No entanto, a sua inauguração, em 1982, representou um “verdadeiro soco no estômago” do convencionalismo paulistano, como descreve outra articulista, Marlene Acayaba. O arquiteto Marcelo Ferraz confirma o escândalo: “...explodiu como uma bomba no ambiente arquitetônico” por ser “inenquadrável nas gavetas da arquitetura corrente. Era estranho. Era feio?...” A “arquitetura pobre” que Lina usara, tinha – em suas próprias palavras – “um sentido artesanal que exprime comunicação e dignidade máximas, através dos menores e humildes meios”.

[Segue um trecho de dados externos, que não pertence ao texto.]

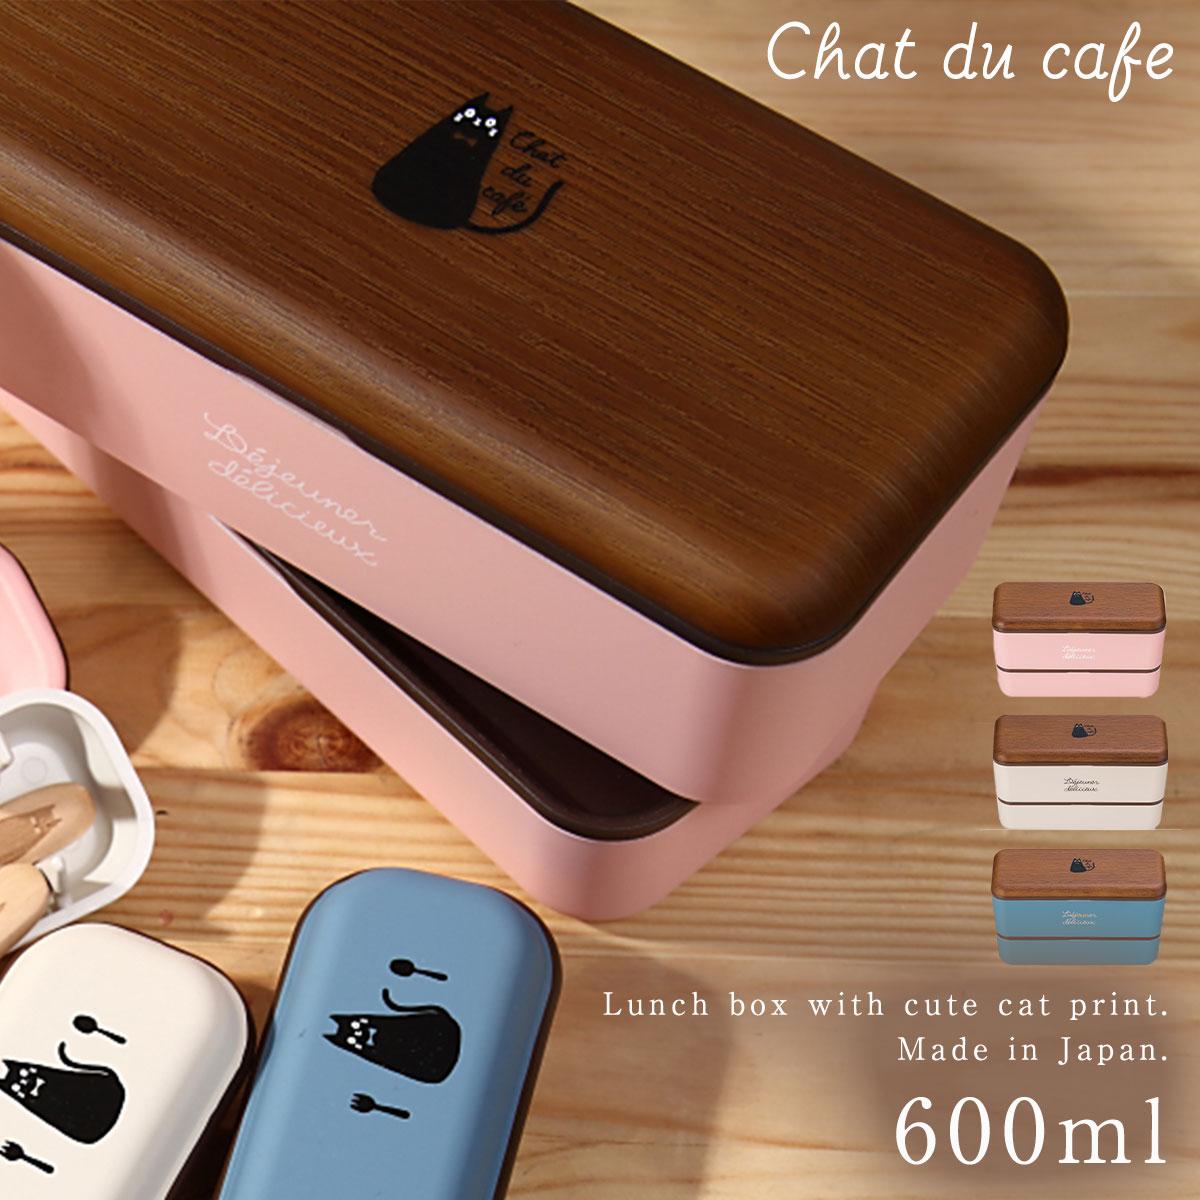 お弁当箱 2段 ランチボックス レンジ対応 食洗機対応 Chat du cafe 長角ネストランチ
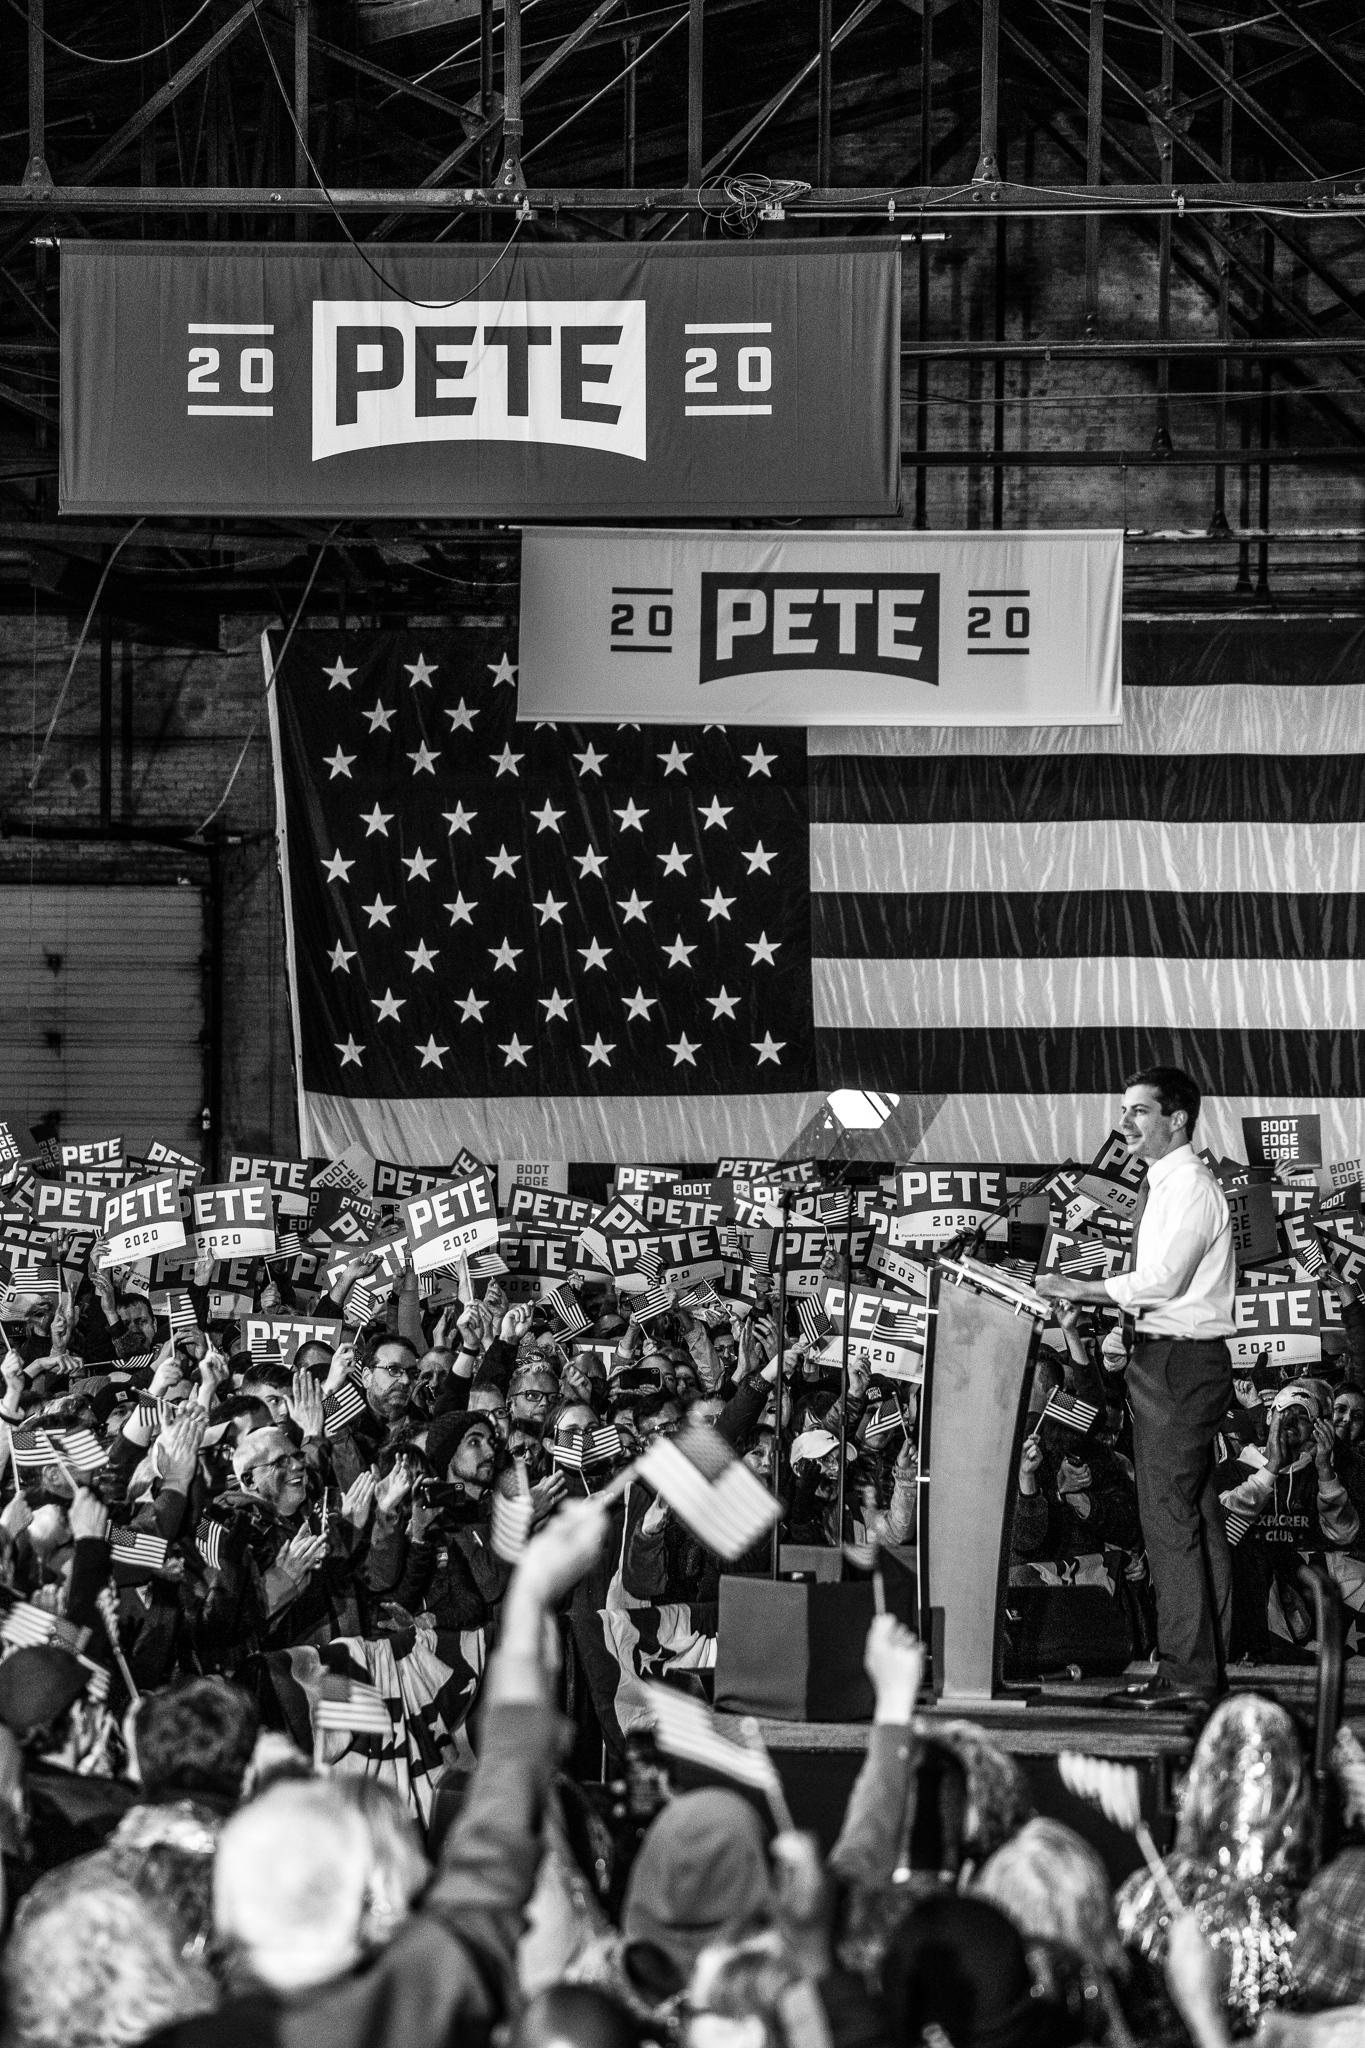 Pete-019.jpg

Ainda segundo Ferraz, esta postura de Lina foi também uma verdadeira revolução na prática arquitetônica vigente, porque para ela “arquitetura é ver um velhinho, ou uma criança, com um prato cheio de comida atravessando elegantemente o espaço do nosso restaurante à procura de um lugar para se sentar, numa mesa coletiva”. Foi certamente esse sentimento que a fazia se emocionar ao reconhecer que essa obra final era a realização do seu sonho por um mundo melhor. “Fizemos aqui uma experiência socialista”, disse. E a inspirá-la na criação do logotipo do Centro Pompeia, sua original torre-caixa-d’água-chaminé que, em vez de fumaça, despeja flores.